ANSWER: The line item increase (decrease) in other assets represents the change in hearing aids and inventory supplies on hand.

 

19.

Cash inflows from financing activities include proceeds received, for example, from issuing equity instruments, bonds, mortgages, notes and from other short or long term borrowing. Based on review of your notes to the consolidated financial statements it does not appear that you received proceeds that should be classified as financing activities totaling $762,400 in fiscal year 2004. Please supplementally explain and revise if necessary. Note that the value of equity instruments issued as non-cash compensation to employees and non-employees which are expensed should be included as non-cash adjustments in the operating activities section of the statements of cash flows. Refer to SFAS 95.

 

 

 

 

 

 



 

 

 

 

 

 

ANSWER: In Amendment No. 4 to Form 10-K, The statements of cash flows have been revised to include the non-cash compensation to employees and non-employees in the operating activities section with the required supplemental disclosure of non-cash investing and financing activities, as applicable.

 

20.

Please provide a supporting schedule to your revised consolidated statements of cash flows. The schedule should include a reconciliation to applicable consolidated balance sheets.

 

ANSWER: The supporting reconciliation schedule has been supplementally attached to this letter.

 

Notes to Consolidated Financial Statements

 

Note 1. Reorganization

 

General

 

21.

In a reverse acquisition shareholders’ equity should be determined and presented on the consolidated balance sheet as if the consolidated financial statements are a continuation of the accounting acquiror/legal acquiree (Accutone, Inc.). The retained deficit and other surplus accounts in the consolidated financial statements immediately after the reverse acquisition would be the same as the accounts of the accounting acquiror / legal acquiree at that date. The retained deficit and other surplus accounts of the legal acquiror (Nantucket Industries, Inc.) at the date of the legal combination would be eliminated in consolidation. We assume your accumulated deficit of $13,153,009 as of February 28, 2002 principally relates to operations of Nantucket Industries Inc. prior to the January 25, 2002 reverse acquisition. If so, please revise your filing to eliminate the retained deficit and additional paid in capital of Nantucket included in your February 28, 2002 equity accounts.

 

ANSWER: In Amendment No. 4 to Form 10-K, revisions have been made to eliminate the accumulated deficit and additional paid in capital relating to the operations of Nantucket Industries Inc. at February 28, 2002.

 

Basis of Presentation and Going Concern, page F-7

 

22.

You refer to SFAS 7. SFAS 7 refers to the accounting and disclosure requirements of developmental stage enterprises. Do you consider yourself a developmental stage enterprise in accordance with SFAS 7? If so, it does not appear you have followed the accounting and disclosure requirements of SFAS 7. Please supplementally explain and revise.

 

ANSWER: CMHS is not a development stage company at February 29, 2004. In Amendment No. 4 to Form 10-Q, Note 1 to the financial statements has been revised accordingly.

 

 

 

 

 

 

 



 

 

 

 

 

 

23.

You disclose that you have not commenced planned principle operations and you have not generated revenues from prospective customers. Based on review of this filing, neither of these statements appear accurate. Please revise or advise.

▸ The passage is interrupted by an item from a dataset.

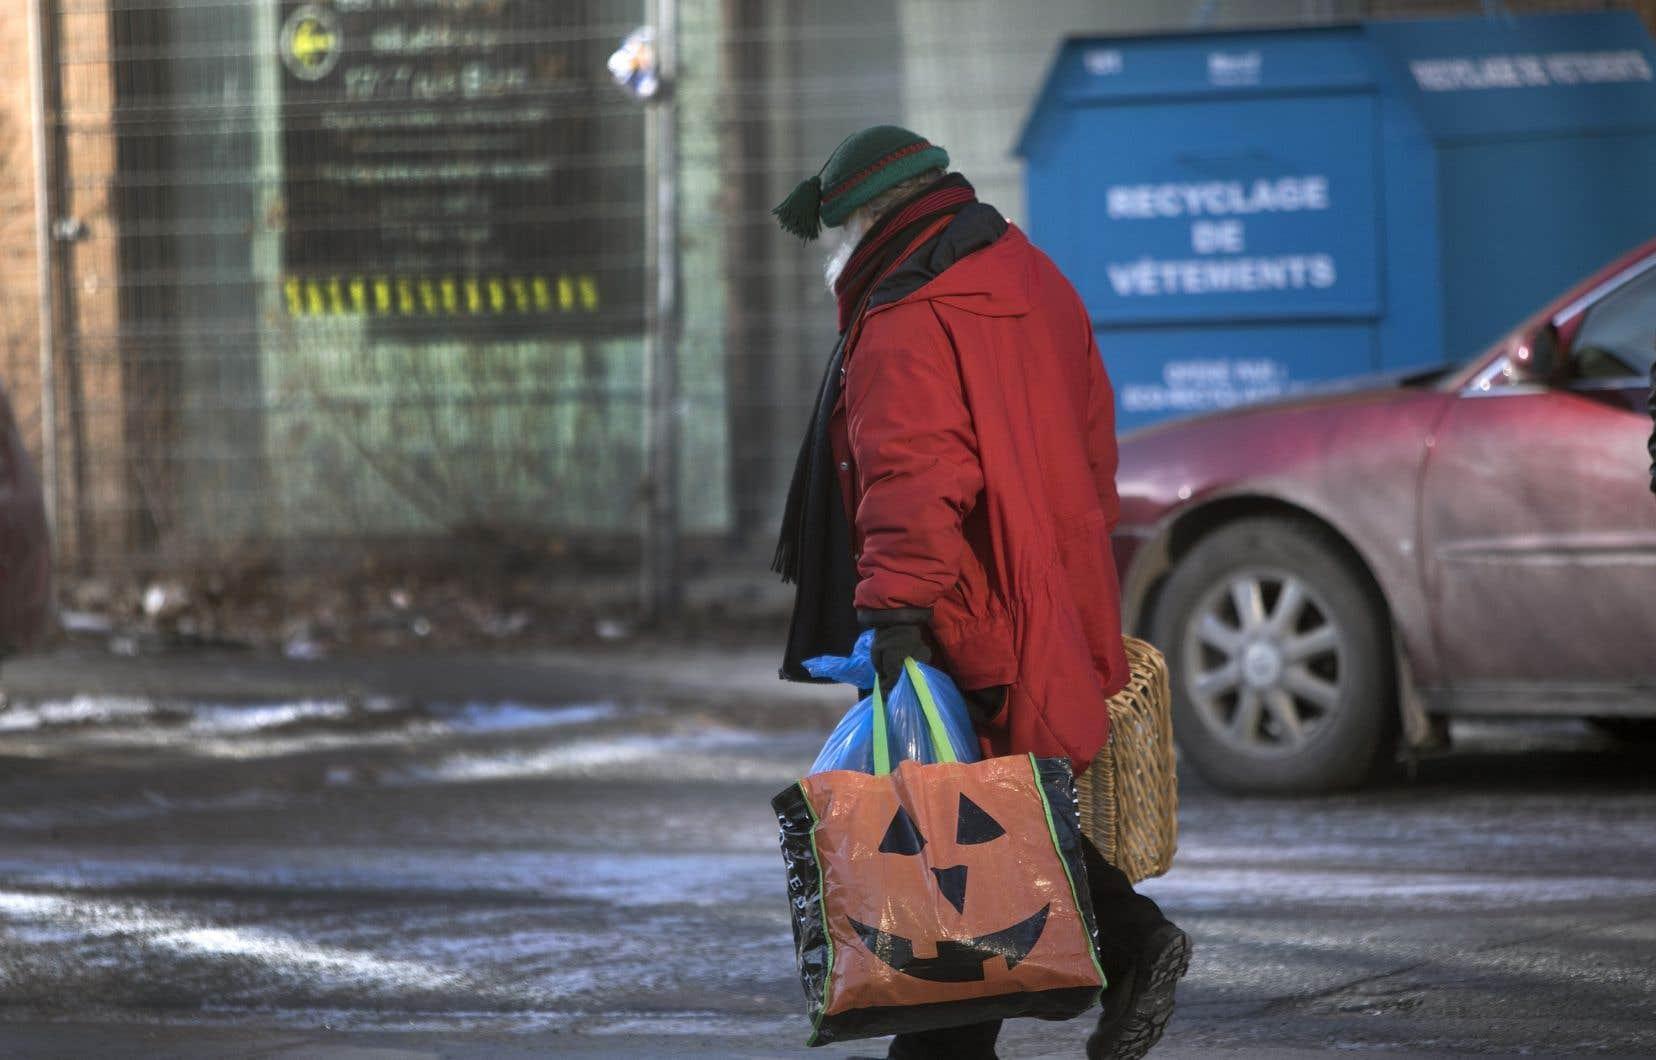 La pandémie  a mis en lumière les enjeux  de pauvreté  et les effets  sociétaux  des salaires  souvent trop basdes travailleurs  essentiels.

ANSWER: CMHS’ planned principal operations have commenced. In Amendment No. 4 to Form 10-Q, Note 1 to the financial statements has been revised accordingly.

 

Note 2. Summary of Significant Accounting Policies

 

Intangible Assets, page F-12

 

24.

Please supplementally provide your fiscal 2004 impairment test performed on your intangible assets. Please supplementally provide support for your assumptions. In light of your unfavorable operating history, negative cash flows and weak liquidity position, it is unclear how you support recoverability of the assets.

 

ANSWER: CMHS’ intangible assets are comprised of a covenant not to compete and a customer list. The covenant not to compete is still in effect and the customer list is not impaired as per the supplemental attached support for CMHS’ assumptions.

 

Segment Information, page F-13

 

25.

You disclose that adoption of SFAS 131 is not expected to have a material impact on your financial statements. You also disclosed that the adoption of SFAS 130 is not expected to have a material effect on your financial statements. It appears that these items were disclosed in order to meet the disclosure requirements for recently issued accounting standards. It appears that the current disclosures referring to SFAS 130 and 131 are no longer needed. Please consider removing these disclosures and update you filing in accordance with the disclosure requirements for recently issued accounting standards if any are deemed necessary. Refer to SAB Topic 11M.

 

ANSWER: In Amendment No. 4 to Form 10-K, the disclosures have been removed.

 

Impairment of Long-Lived Assets, page F-13

 

26.

SFAS 121 was superseded by SFAS 144. SFAS 144 was effective for financial statements issued for fiscal years beginning after December 15, 2001 and interim periods within those fiscal years. Please revise your disclosure and also revise the impairment testing performed, if needed. You also state that no impairment loss was required in fiscal 2003. Please revise to update for fiscal 2004. Please supplementally provide the impairment analysis in accordance with SFAS 144. Please supplementally provide support for your assumptions.

 

ANSWER: The notes have been updated for 2004. Please refer to the supplemental attached support for CMHS’ impairment analysis in accordance with response #24 above. In addition, the required disclosure for fiscal 2004 has been included.

 

 

 

 

 

 

 



 

 

 

 

 

 

Note 4. Acquisition of Audiology, page F-14

 

27.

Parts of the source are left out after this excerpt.